• WORK ORDER
Repeat the data exactly, please.

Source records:
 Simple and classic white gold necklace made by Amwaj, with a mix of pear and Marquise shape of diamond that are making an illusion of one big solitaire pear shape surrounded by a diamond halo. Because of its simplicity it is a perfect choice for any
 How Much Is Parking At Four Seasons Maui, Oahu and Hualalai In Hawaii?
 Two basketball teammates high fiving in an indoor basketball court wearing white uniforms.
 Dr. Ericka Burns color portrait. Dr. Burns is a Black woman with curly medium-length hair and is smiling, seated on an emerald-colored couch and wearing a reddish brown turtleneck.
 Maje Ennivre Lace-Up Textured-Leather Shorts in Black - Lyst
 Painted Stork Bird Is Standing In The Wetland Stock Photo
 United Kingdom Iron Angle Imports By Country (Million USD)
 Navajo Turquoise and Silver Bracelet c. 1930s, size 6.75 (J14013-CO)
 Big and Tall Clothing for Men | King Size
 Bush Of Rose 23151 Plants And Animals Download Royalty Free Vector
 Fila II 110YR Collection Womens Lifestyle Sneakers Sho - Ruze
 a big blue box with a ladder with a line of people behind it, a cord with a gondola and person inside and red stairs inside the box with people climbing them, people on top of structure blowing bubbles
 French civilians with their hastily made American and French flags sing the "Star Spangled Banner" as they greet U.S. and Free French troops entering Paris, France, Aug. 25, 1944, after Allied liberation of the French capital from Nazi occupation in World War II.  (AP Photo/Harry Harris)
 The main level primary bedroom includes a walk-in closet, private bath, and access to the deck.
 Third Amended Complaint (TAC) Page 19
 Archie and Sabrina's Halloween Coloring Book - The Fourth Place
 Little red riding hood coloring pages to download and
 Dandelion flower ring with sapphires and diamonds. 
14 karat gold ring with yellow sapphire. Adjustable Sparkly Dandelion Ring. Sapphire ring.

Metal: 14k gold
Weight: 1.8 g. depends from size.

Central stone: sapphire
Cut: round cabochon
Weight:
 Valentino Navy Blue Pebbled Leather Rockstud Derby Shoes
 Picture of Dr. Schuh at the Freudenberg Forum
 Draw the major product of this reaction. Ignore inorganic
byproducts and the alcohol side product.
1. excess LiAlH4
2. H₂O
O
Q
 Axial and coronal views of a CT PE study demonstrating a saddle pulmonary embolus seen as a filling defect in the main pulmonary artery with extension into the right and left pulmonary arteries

• YOUR SOLUTION
 Simple and classic white gold necklace made by Amwaj, with a mix of pear and Marquise shape of diamond that are making an illusion of one big solitaire pear shape surrounded by a diamond halo. Because of its simplicity it is a perfect choice for any
 How Much Is Parking At Four Seasons Maui, Oahu and Hualalai In Hawaii?
 Two basketball teammates high fiving in an indoor basketball court wearing white uniforms.
 Dr. Ericka Burns color portrait. Dr. Burns is a Black woman with curly medium-length hair and is smiling, seated on an emerald-colored couch and wearing a reddish brown turtleneck.
 Maje Ennivre Lace-Up Textured-Leather Shorts in Black - Lyst
 Painted Stork Bird Is Standing In The Wetland Stock Photo
 United Kingdom Iron Angle Imports By Country (Million USD)
 Navajo Turquoise and Silver Bracelet c. 1930s, size 6.75 (J14013-CO)
 Big and Tall Clothing for Men | King Size
 Bush Of Rose 23151 Plants And Animals Download Royalty Free Vector
 Fila II 110YR Collection Womens Lifestyle Sneakers Sho - Ruze
 a big blue box with a ladder with a line of people behind it, a cord with a gondola and person inside and red stairs inside the box with people climbing them, people on top of structure blowing bubbles
 French civilians with their hastily made American and French flags sing the "Star Spangled Banner" as they greet U.S. and Free French troops entering Paris, France, Aug. 25, 1944, after Allied liberation of the French capital from Nazi occupation in World War II.  (AP Photo/Harry Harris)
 The main level primary bedroom includes a walk-in closet, private bath, and access to the deck.
 Third Amended Complaint (TAC) Page 19
 Archie and Sabrina's Halloween Coloring Book - The Fourth Place
 Little red riding hood coloring pages to download and
 Dandelion flower ring with sapphires and diamonds. 
14 karat gold ring with yellow sapphire. Adjustable Sparkly Dandelion Ring. Sapphire ring.

Metal: 14k gold
Weight: 1.8 g. depends from size.

Central stone: sapphire
Cut: round cabochon
Weight:
 Valentino Navy Blue Pebbled Leather Rockstud Derby Shoes
 Picture of Dr. Schuh at the Freudenberg Forum
 Draw the major product of this reaction. Ignore inorganic
byproducts and the alcohol side product.
1. excess LiAlH4
2. H₂O
O
Q
 Axial and coronal views of a CT PE study demonstrating a saddle pulmonary embolus seen as a filling defect in the main pulmonary artery with extension into the right and left pulmonary arteries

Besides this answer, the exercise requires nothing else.